Title | What the Sea Has Seen |
Subtitle | A Timeline of the Middle Passage and Beyond |
Artist / Creator | Karen Viola |
Press Name | Climbing Tree Press |
Artist's Nationality | United States |
Place of Publication | White Plains, NY |
Publication Date | 2020 |
Author of Text | Karen Viola |
Contributors | (numbers data) Emory University/slavevoyages.org |
Process / Technique | Home studio Epson Artisan inkjet printer, Shibori resist-dyeing with natural indigo |
Number of Images | 8 |
Structure / Binding | Accordion cloth pockets and sewn-in front and back matter, glued-in covers |
Medium / Materials | Natural indigo, 100% organic cotton, balsa wood, acrylic paint, Epson Claria® Ink, hand-dyed and painted white cotton gloves, produce netting, rope |
Paper Stock | Parchment cardstock paper |
Number of Pages | 10 pages plus 9 double-sided folding cards plus 1 fold-out map plus covers |
Dimensions (WxHxD) | 3.25 x 6 x 1.25 inches. Extends out to 41 inches |
Edition Size | Limited edition of 4 |
Box / Wrapper | Yes. Hand-dyed and painted cotton envelope-wrap with signed colophon tag |
Signed & Numbered | Signed & Numbered Edition |
Like too many other white people I grew up blind to my own privilege with a white-washed, grossly incomplete history education and with much of the horrors of white supremacy culture and structural racism unseen.
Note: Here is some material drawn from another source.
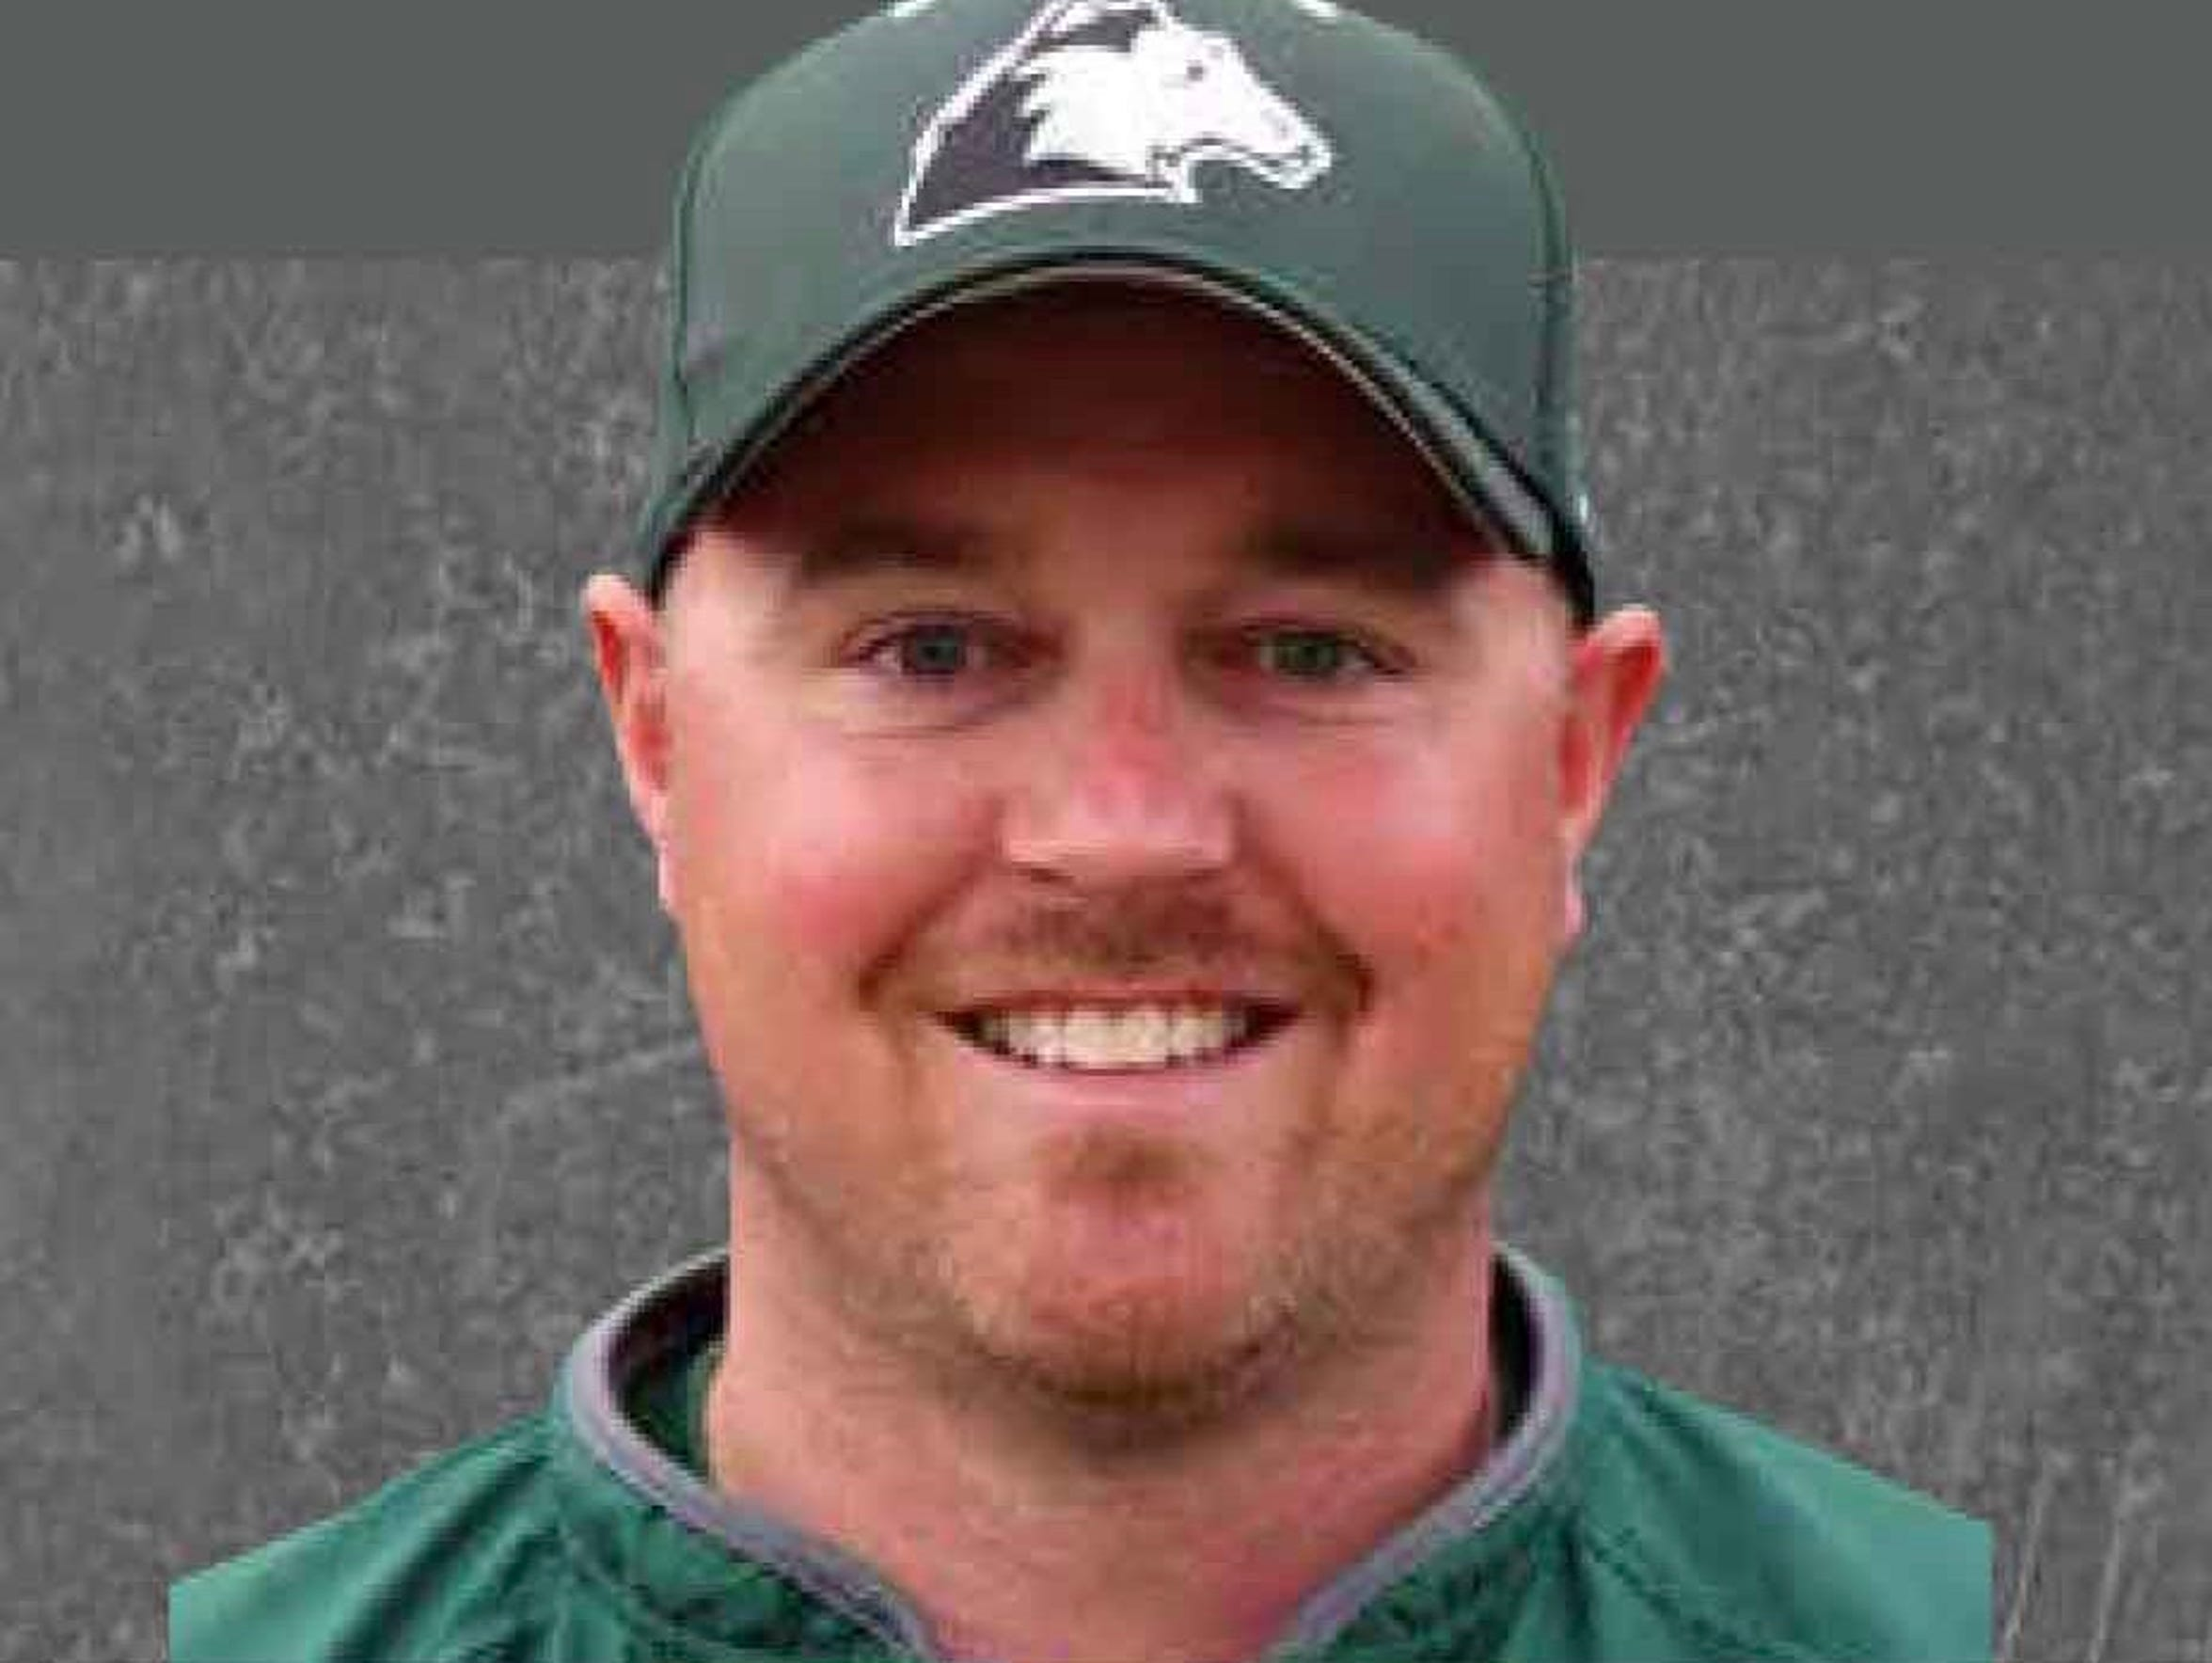 Jeremy Jones, now head coach at North, ran Bosse's program for several seasons.
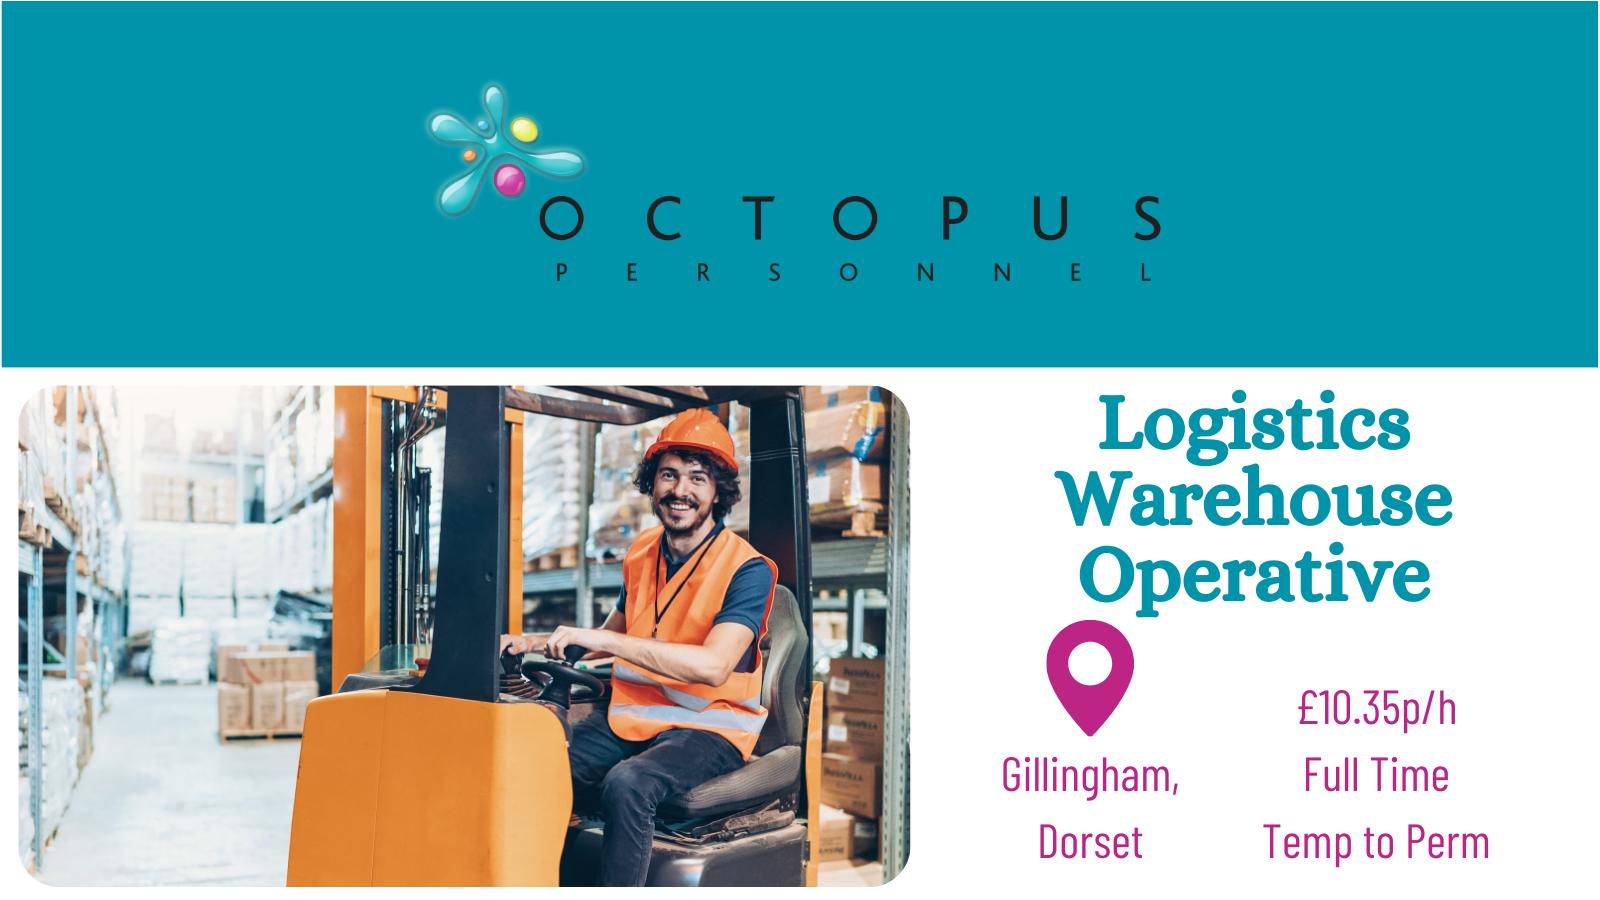 Logistics Warehouse Operative

Until now. This book offers a graphic synthesis of my self-guided study of chattel slavery and the Atlantic slave trade. It is an interactive timeline that displays total numbers of enslaved Africans embarked on ships, inspired by the data presented at the public database slavevoyages.org. Each 50-year vessel card is but a tip of a historical iceberg, summarizing a chronological selection of events from a Western perspective, focusing on the impact of colonization. The fabric of the book is made with responsibly-sourced, organic cotton and natural indigo. White cotton gloves dipped in indigo and red paint are provided for further visceral contemplation, asking readers to consider the ‘blood on their hands.’
Artist Bio
Karen spent her childhood in Vancouver and Toronto, Canada. She has been in love with books since before she could read them, and her first real job was arranging book display tables at a large bookstore. She ventured to New York City to earn her BFA at Parsons School of Design, then moved to White Plains, NY to grow a family and design innovative children’s books. She has extensive professional experience in the book publishing industry as an art director, graphic designer, illustrator, writer, and paper engineer, and now runs her own freelance art and design business and micro-publishing shop, Climbing Tree Press. Karen also walks in the woods, a lot. She works both digitally and traditionally with a variety of textural papers, hand-dyed textiles, and upcycled found materials. Her endless fascination with the Earthling journey informs her ever-unfolding studio practice.